Alternative hypotheses: A variable deviates from the expected distribution.

In [79]:
import scipy.stats as stats 
import numpy as np 
  
# no of hours a student studies 
# in a week vs expected no of hours 
observed_data = [8, 6, 10, 7, 8, 11, 9] 
expected_data = [9, 8, 11, 8, 10, 7, 6] 
  
  
# Chi-Square Goodness of Fit Test 
chi_square_test_statistic, p_value = stats.chisquare( 
    observed_data, expected_data) 
  
# chi square test statistic and p value 
print('chi_square_test_statistic is : ' +
      str(chi_square_test_statistic)) 
print('p_value : ' + str(p_value)) 
  
  
# find Chi-Square critical value
critical_value = stats.chi2.ppf(1-0.05, df=6) 
print('critical value:',critical_value) 


if chi_square_test_statistic > critical_value:
    print("X2 > critical value -> reject X0 -> actual values deviates from expectations -> not a good fit.")
else:
    print("X2 < critical value -> cant reject X0 -> actual values close to expectations -> good fit.")


chi_square_test_statistic is : 5.0127344877344875
p_value : 0.542180861413329
critical value: 12.591587243743977
X2 < critical value -> cant reject X0 -> actual values close to expectations -> good fit.


# Chi-square test (test of independence)

An analyst of a financial investment company is curious about the relationship between gender and risk appetite.

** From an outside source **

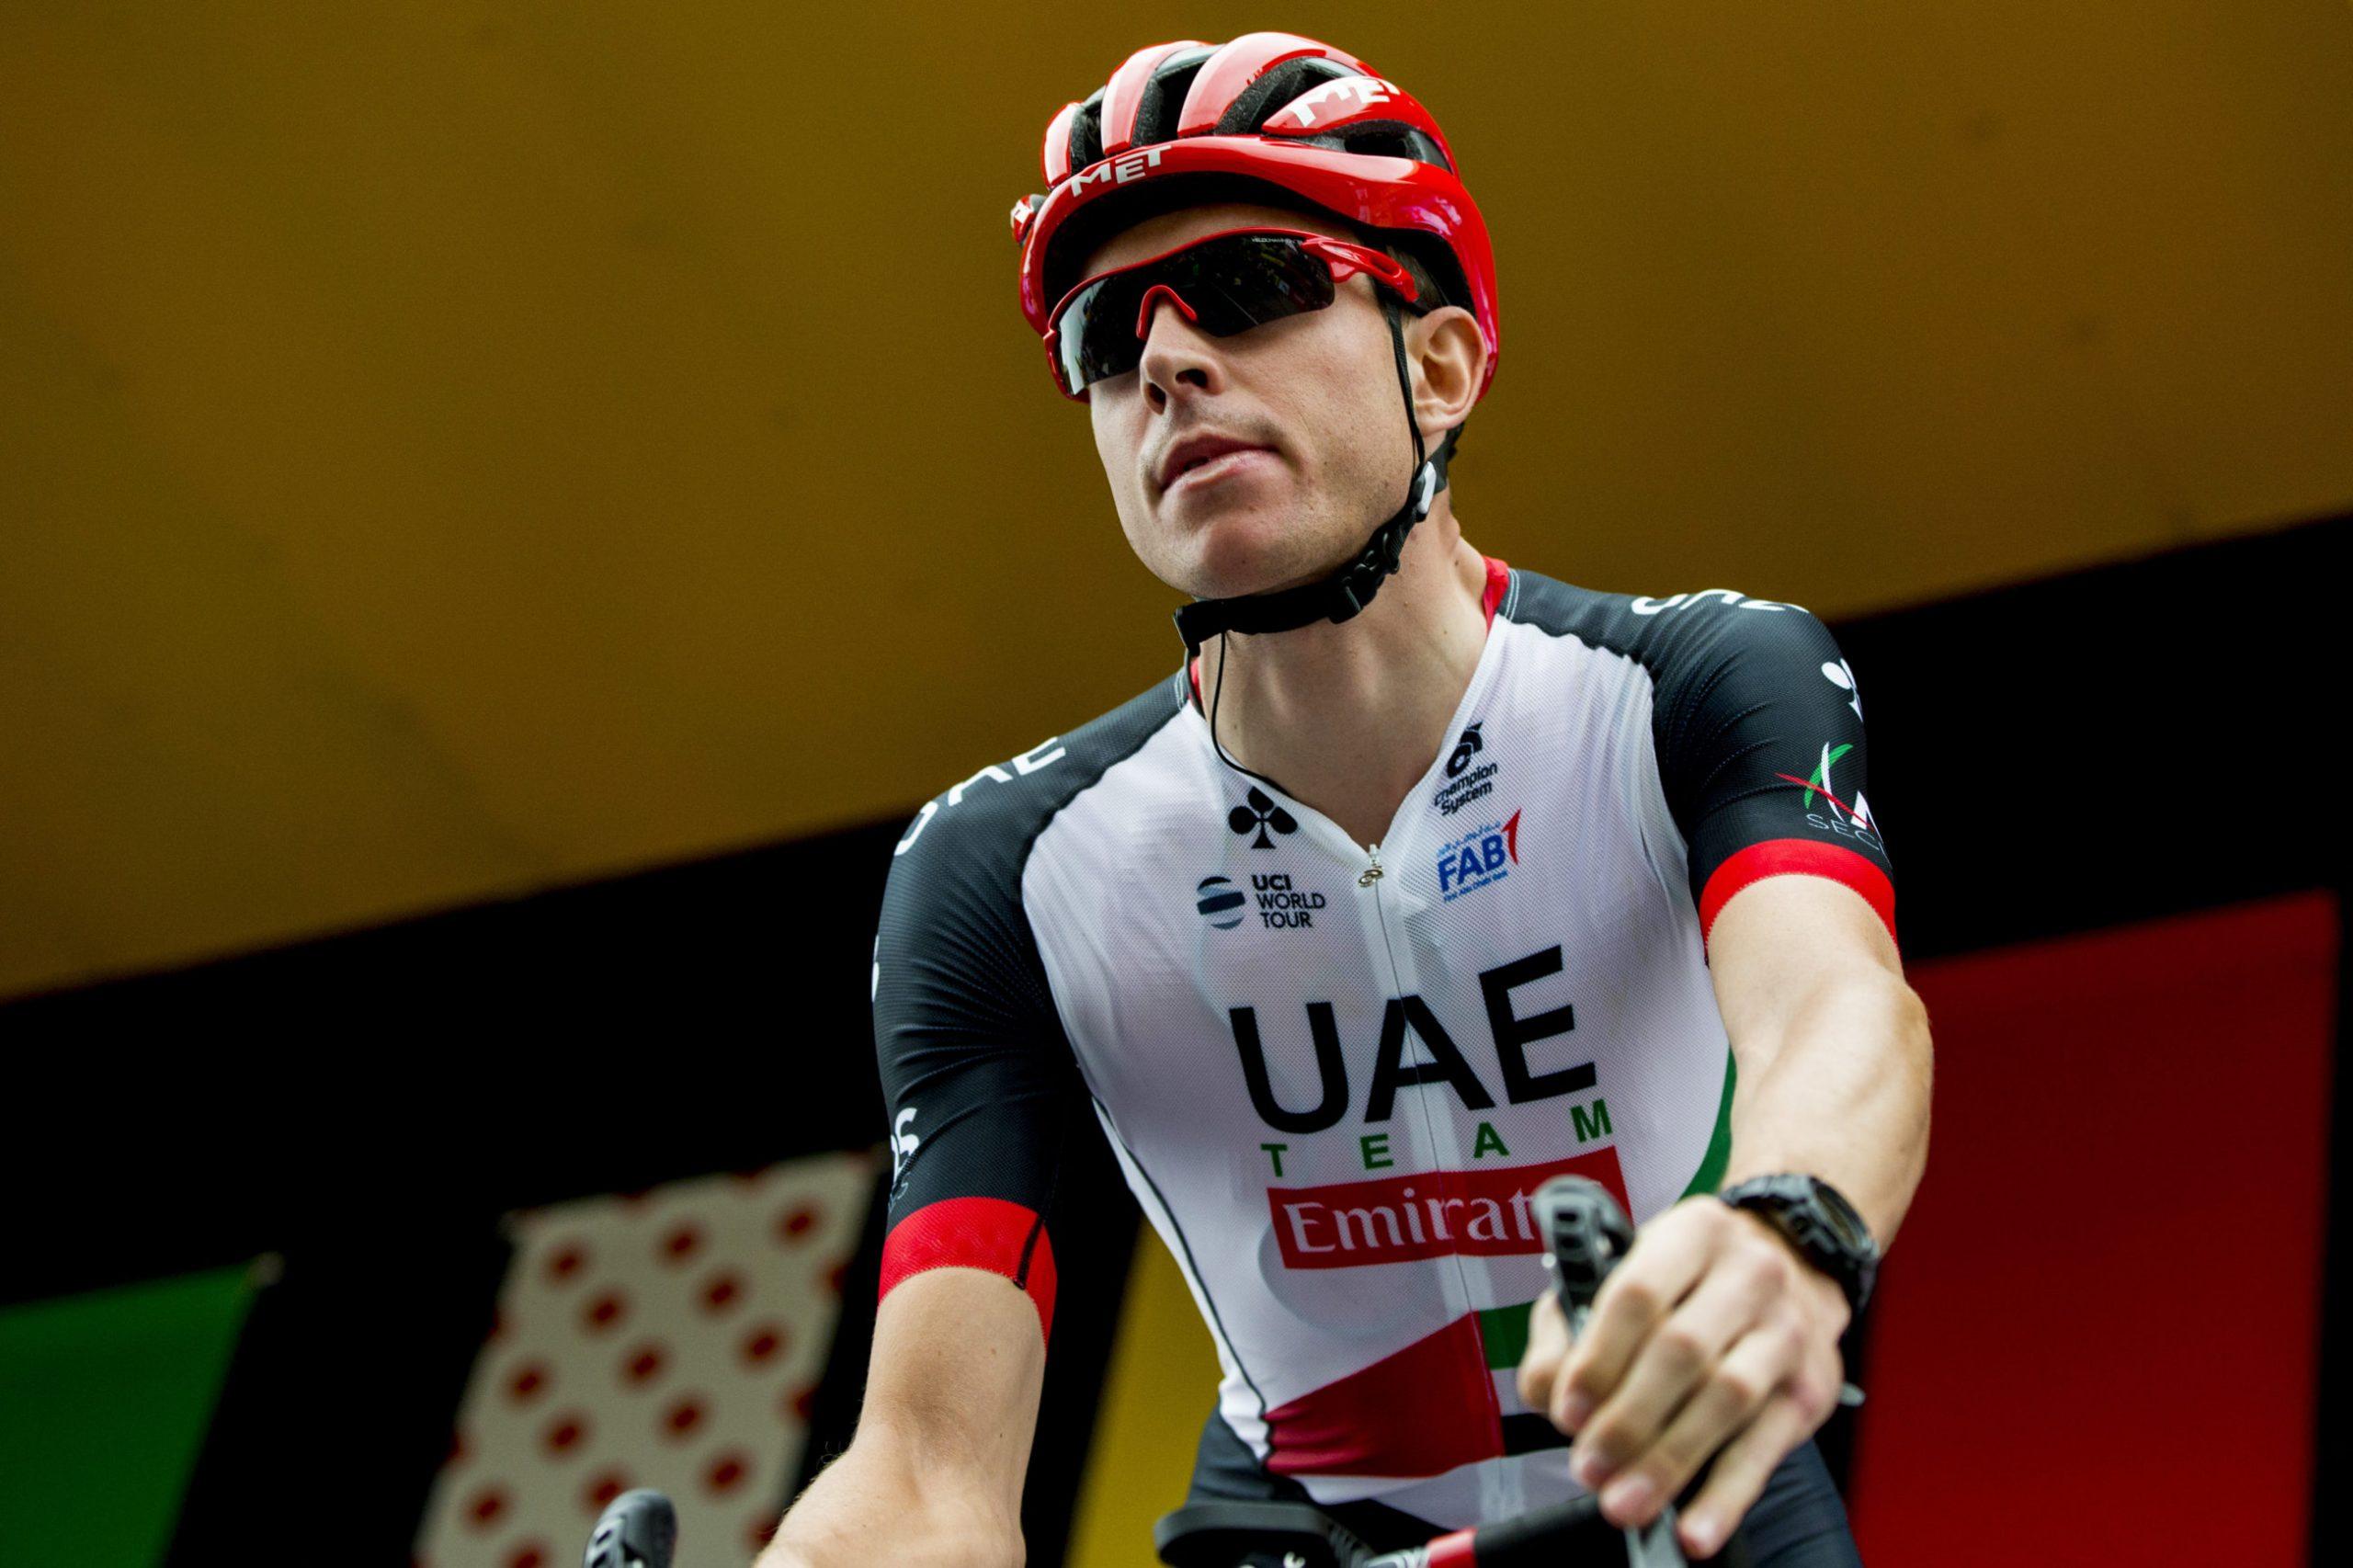 Laengen klar for Tour de France – fikk Bystrøms plass

A random sample was taken of 660 customers from the database. The customers in the sample were classified according to their gender and their risk appetite. The result is given in the following table.

gender -> F,   M

risks

v low ->  53,  71

low ->    23,  48

medium->  30,  51

high ->   36,  57

v high->  88,  203

Test the hypothesis that the risk appetite of the customers in this company is independent of their gender. Use α = 0.01.

1. 

Defining Hypothesis

H₀: Gender and risk appetite are independent.

H₁: Gender and risk appetite are dependent.

2. 

Selecting the Proper Test and Assumption Check

chi2 test should be used for this question. 

In [80]:
from scipy.stats import chi2_contingency

obs =np.array([[53, 23, 30, 36, 88],[71, 48, 51, 57, 203]])
chi2, p, dof, ex = chi2_contingency(obs, correction=False)

print("expected frequencies:\n ", np.round(ex,2))
print("degrees of freedom:", dof)
print("test stat :%.4f" % chi2)
print("p value:%.4f" % p)

expected frequencies:
  [[ 43.21  24.74  28.23  32.41 101.41]
 [ 80.79  46.26  52.77  60.59 189.59]]
degrees of freedom: 4
test stat :7.0942
p value:0.1310


In [81]:
from scipy.stats import chi2
## calculate critical stat

alpha = 0.01
df = (5-1)*(2-1)
critical_stat = chi2.ppf((1-alpha), df)
print("critical stat:%.4f" % critical_stat)

critical stat:13.2767


Insights:

Since the p-value is larger than α=0.01 ( or calculated statistic=7.14 is smaller than the critical statistic=13.28) → Fail to Reject H₀.

 At this significance level, it can be concluded that gender and risk appetite are independent.